# Strip elongation test



## orion25 (Nov 10, 2021)

Hello,

I offer you a simple test to check the quality of the bands and determine the areas of linear, non-linear and non-elastic elongation.

- Take a straight strip of 10mm x 120mm, draw a first mark 10mm from one end to fix the strip on a support of your choice with an attached clamp for example.

- Fix the other end of the band to a load cell in order to have 100mm of active band.

- On the support, mark marks every 50mm up to 1000mm

- Stretch the strip to the first mark and note the value on the scale then repeat the same operation for the following marks.

- Complete the attached spreadsheet to obtain the characteristic curve of the belt with the three zones of elongation.

It is necessary to reposition the lines and the texts according to the different zones. I hope this test will bring a better knowledge of the bands.









Have a good test and see you soon, I hope.


----------



## orion25 (Nov 10, 2021)

orion25 said:


> Hello,
> 
> I offer you a simple test to check the quality of the bands and determine the areas of linear, non-linear and non-elastic elongation.
> 
> ...


----------



## orion25 (Nov 10, 2021)

Sorry but I don't know how to insert a file, who can explain? Thanks in advance.


----------



## Trap1 (Apr 12, 2020)

Interesting! I dont test to breaking point or use scales. I simply draw 2 lines 10mm apart across strip with ballpoint stretch by hand along a ruler (the pen marks expands in width to approx 5mm..) & measure from edge of pen mark to the same edge on the other (stretched) mark to a point I'm comfortable with & note the elongation.

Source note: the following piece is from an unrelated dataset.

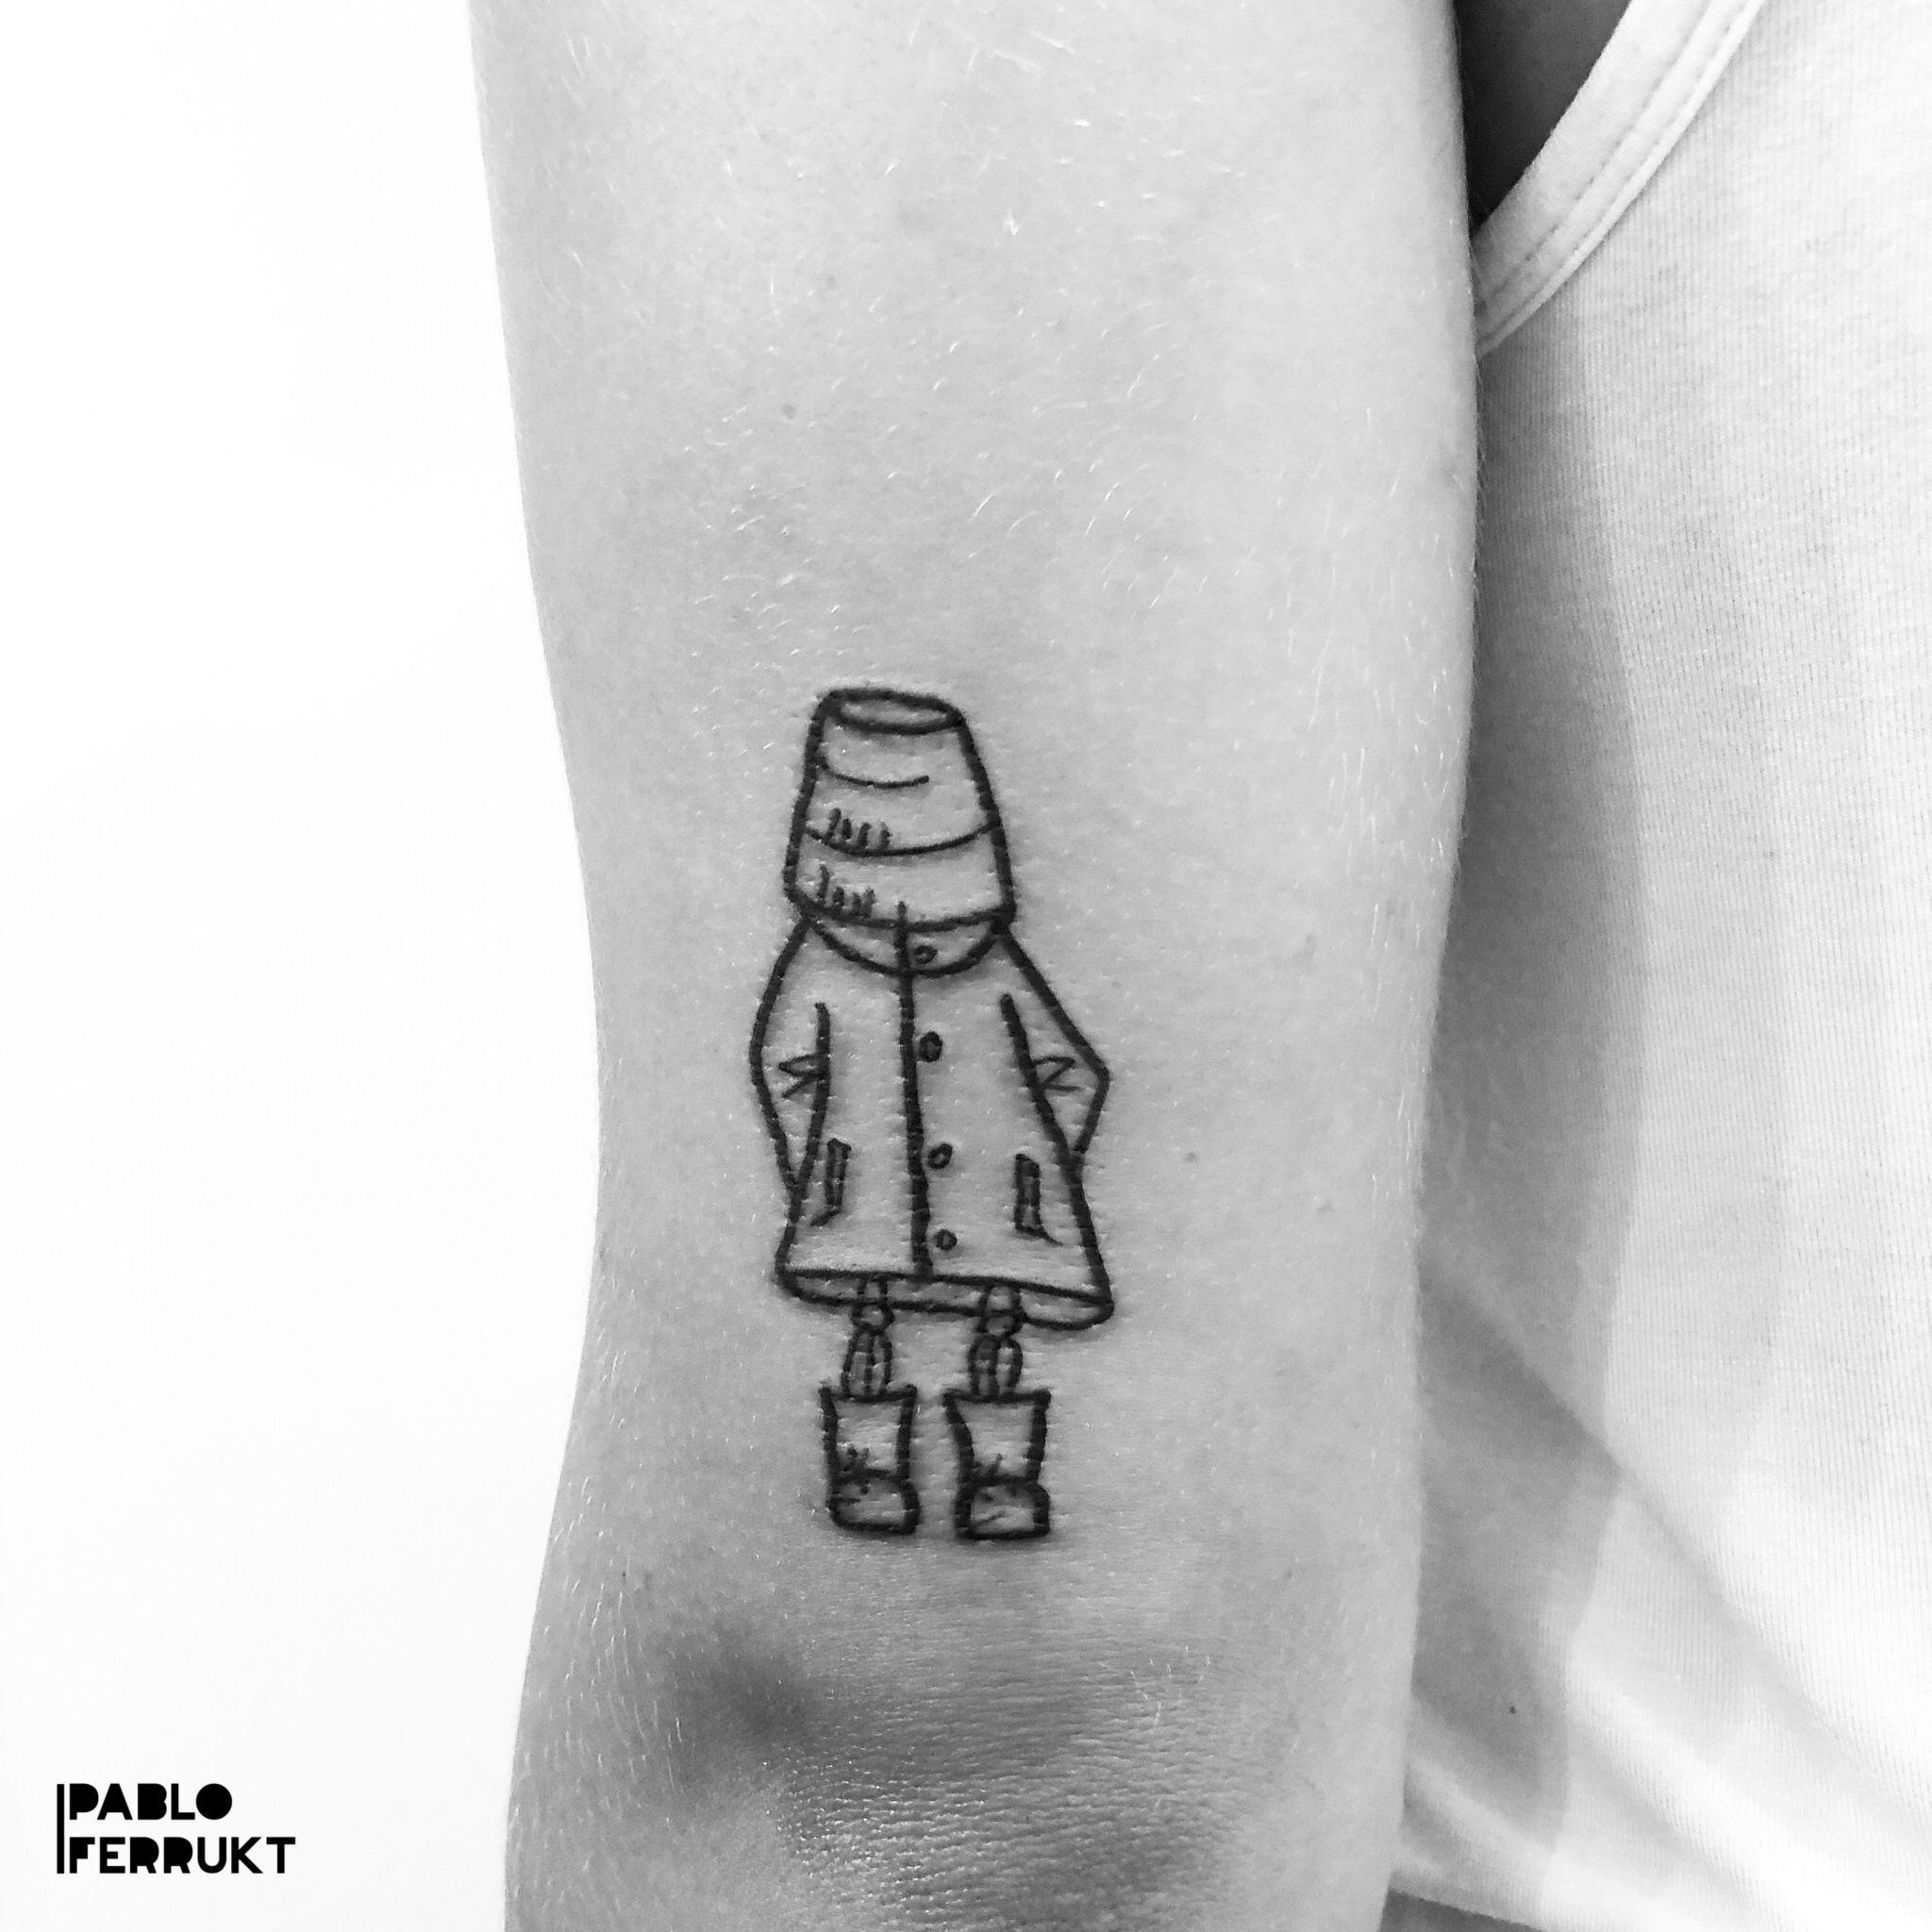 Done yesterday for Lucy, thanks so much!  I am till the 19.08 at @lobster.tattoo, (Split, Croatia)  📍08-09.09 at @szczecintattooconvention, (Stettin. Poland) 📍11-15.09 at @taetowiermanufaktur, (Wuppertal, Deutschland)  Resident in Berlin at @amor_de_madre_berlin.  Appointments at pabloferrukt@icloud.com or DM.⠀ #tattoo . . . .  #tattoos #tat #ink #inked #tattooed #tattoist #art #design #instaart #geometrictattoos #walkindwelcomed #tatted #instatattoo #bodyart #tatts #tats #amazingink #tattedup #inkedup #berlin #berlintattoo #poland #stettin #berlintattoos #skeletontattoo #red  #wuppertal #splitcroatia

*Hit the paper clip on the tools bar below ↓ to insert files!*


----------



## orion25 (Nov 10, 2021)

Not possible insert file .ods, problem with extension, See picture.


----------



## Trap1 (Apr 12, 2020)

Hmmm! You might need to extract/save this in another file format, PDF would work (..havent tried excel format on here so no sure.)


----------



## orion25 (Nov 10, 2021)

Link to file


----------



## orion25 (Nov 10, 2021)

orion25 said:


> Link to file


Can you test link ?
Thanks in advance.


----------



## treefork (Feb 1, 2010)

Welcome to the forum .


----------



## Reed Lukens (Aug 16, 2020)

The link works. 
Take a screen shot of your .ods file and post it as a jpeg. There are a number of different rare formats that don't work on this site.


----------



## orion25 (Nov 10, 2021)

Hello friends
Thank you for your help and advice
Good day;


----------



## Trap1 (Apr 12, 2020)

Reed Lukens said:


> The link works.
> Take a screen shot of your .ods file and post it as a jpeg. There are a number of different rare formats that don't work on this site.





orion25 said:


> Hello friends
> Thank you for your help and advice
> Good day;


Hi Reed, Orion...

I opened this file in openoffice & only the left hand data was visible, I opened it in excel & it was complete with graph. I dont have license for excel (trial only) so export greyed oot! I just snipped this using windows snipping tool ( better than fullsize screenshot) renamed the file & saved in .png format to my desktop (could've used pdf/jpeg etc these would also have worked.) I then used the paperclip below to insert in this post Orion. Hope this helps.
Orion.


----------



## orion25 (Nov 10, 2021)

Hello friends,
attached, here is a PDF version of the results.
Have good day;


----------